あの日──屋上で七森の演奏する『カノン』を聴いた時。
彼に、どうしようもない孤独を感じた。
『カノン』は、本来三つのバイオリンで演奏する曲だ。もしくはそれをアレンジし、チェロやピアノなどほかの楽器に置き換えて演奏される。三つの演奏が追いかけっこをすることで壮大なハーモニーを生み出すのが『カノン』最大の特徴なのだ。
ゆえに、一人で演奏されることは、あまりない。
あの日、彼が演奏したのは、決して追いかけてくる人がいない、孤独な演奏だった。
演奏中、彼は何度も、少し離れた場所を見ていた。もちろん、そこには何も無かった。誰もいなかったというべきだろう。あの時、彼は思い描いていたのだ。自分の演奏を追いかけてくる人の姿を。そこにいてほしい人の姿を。
そして。
それは、決して、玲ではない。
そのことが、今日、はっきりと判った。
「でも、そう気を落とすことはないよ、玲ちゃん」理央は、玲を励まそうとひときわ明るい声で言う。
「そう、かな?」
「うん。葉月さんのことをあそこまで引きずってるのは正直想定外だったけど、でも、葉月さんとはもうきっちり別れてるんだし、玲ちゃんもまだフラれたワケじゃないし、ちょっと作戦を練り直して、ここからまた攻めて行きましょう。大丈夫、まだ望みはあるから」
理央は両手の拳を握ってぶんぶんと振った。その姿に、玲は思わず笑みを浮かべ、「ありがとう、理央ちゃん」と、お礼を言う。

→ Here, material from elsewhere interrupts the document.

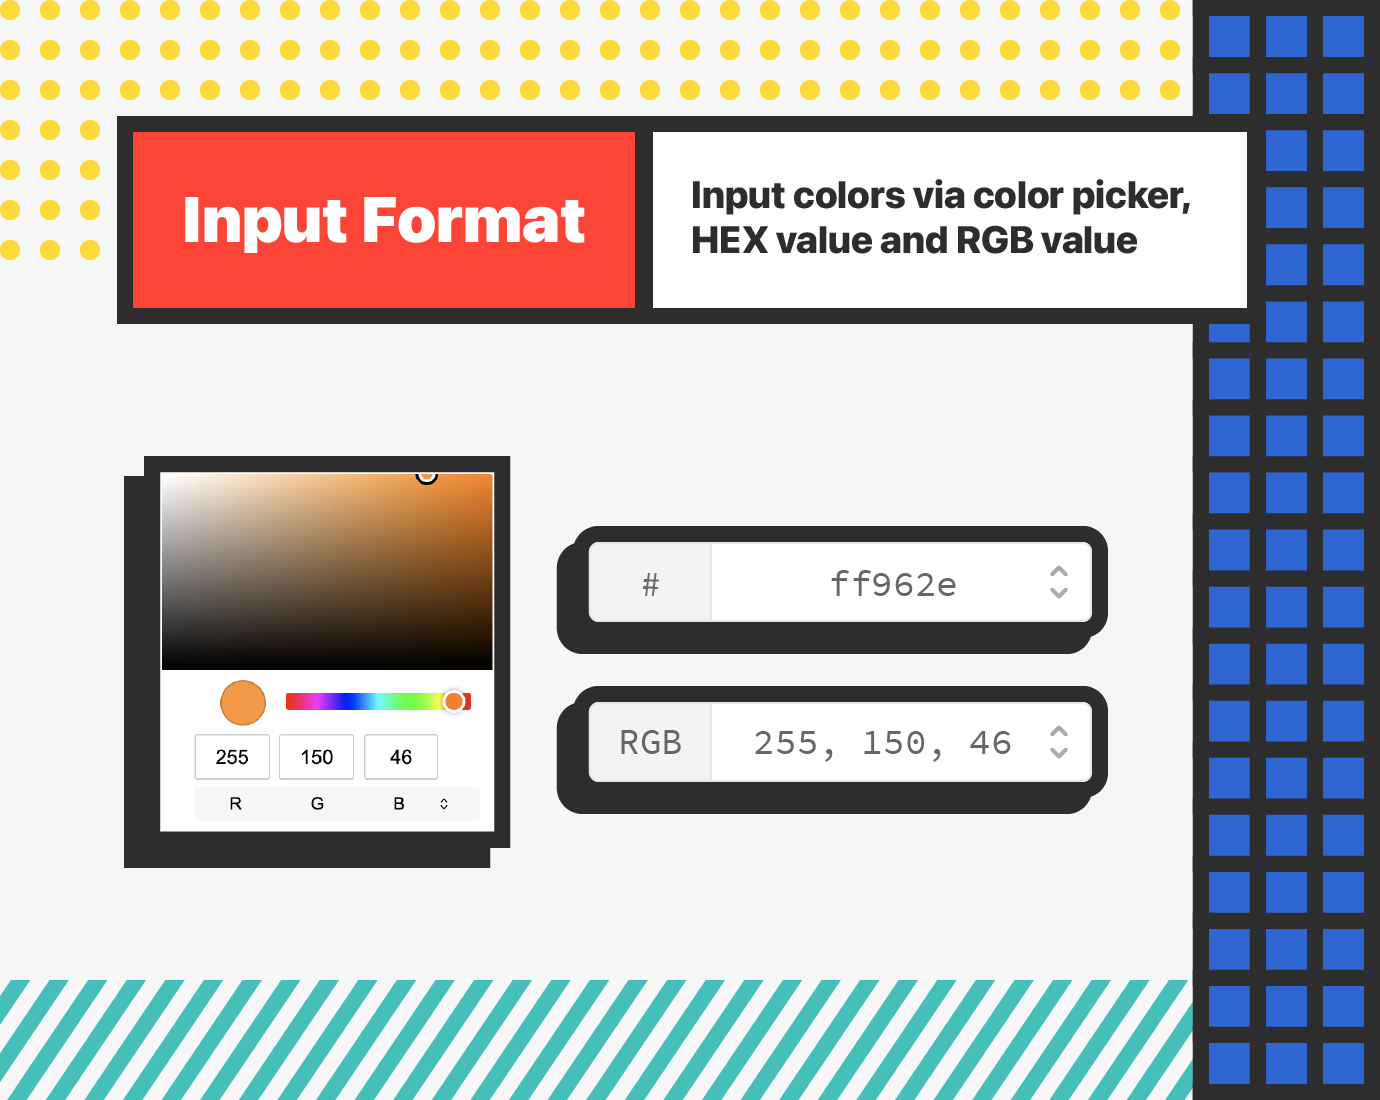 Feature 2 - Input Format: Input colors via color picker, HEX value and RGB value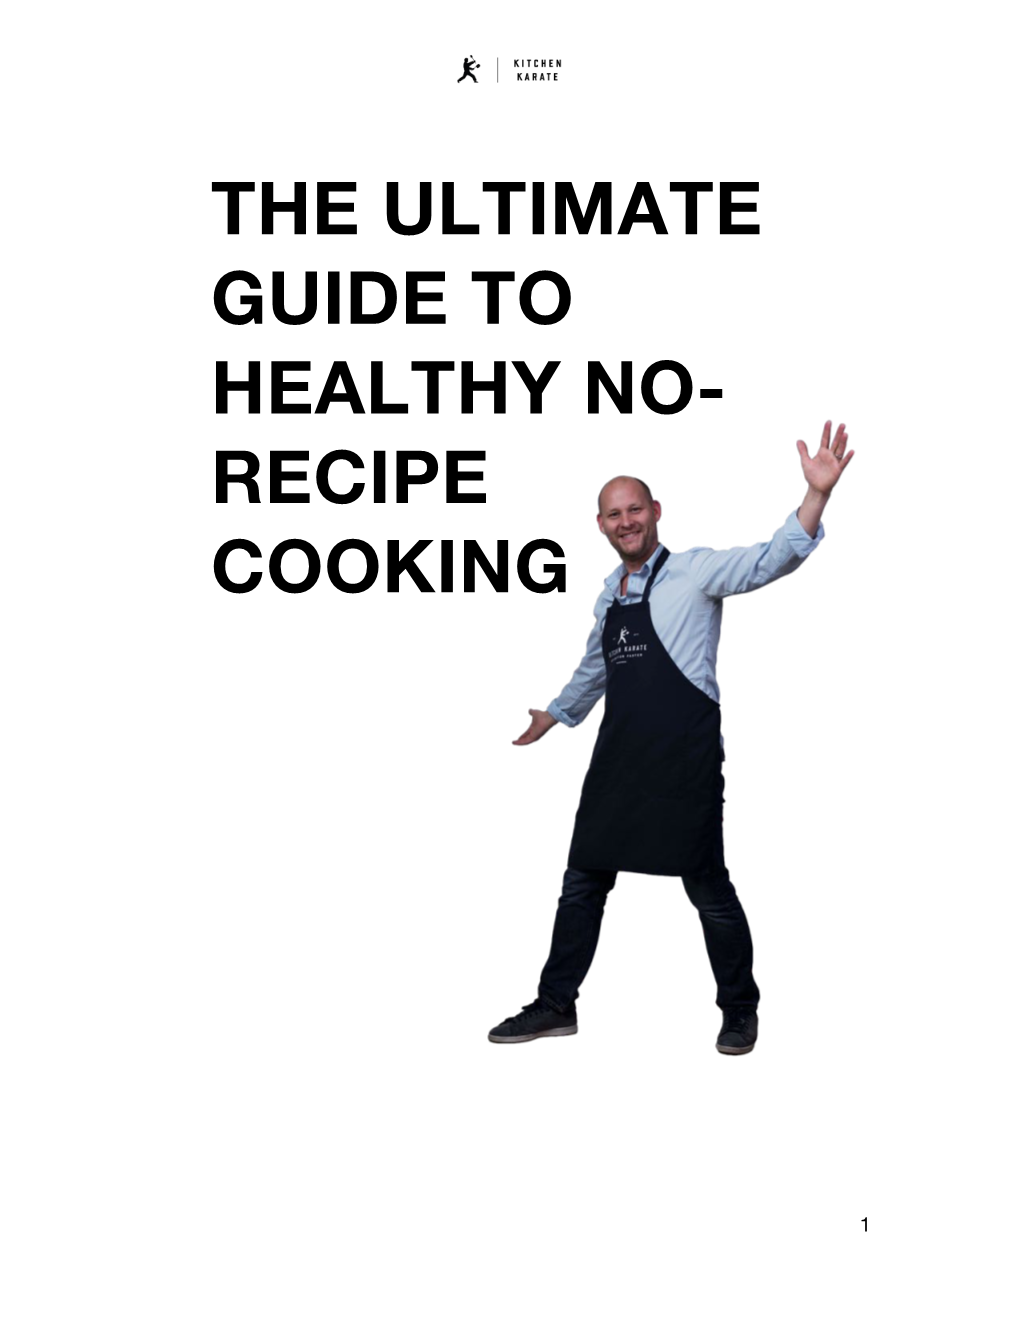 The Ultimate Guide to Healthy No- Recipe Cooking

「と、いうことで、あたしはこの辺でおサラバさせていただこう」
理央は腕を伸ばし、停車ボタンを押した。理央の自宅は玲とは完全に方向が逆で、このままでは終バスを逃してしまう。
「ゴメンね、あたしの話聞くために、わざわざ反対のバスに乗ってくれて」
「あたしが勝手にやっただけだから、いいってことよ」
バスが停車し、席を立つと理央に、「ありがとね、理央ちゃん。今度お礼にタコ焼きおごるから」と伝えると、「このお好み焼きの町であえてタコ焼きとは、お主もワルよのう」と言ってにんまりと笑い、「じゃあ、また明日」と手を振って、理央はバスを降りた。そして、ちょうど反対側の車線にバスが来たので、慌てた様子で横断歩道を渡りバス停に走っていった。
フフフ、と笑いながら、玲はもう一度心の中で理央にお礼を言った。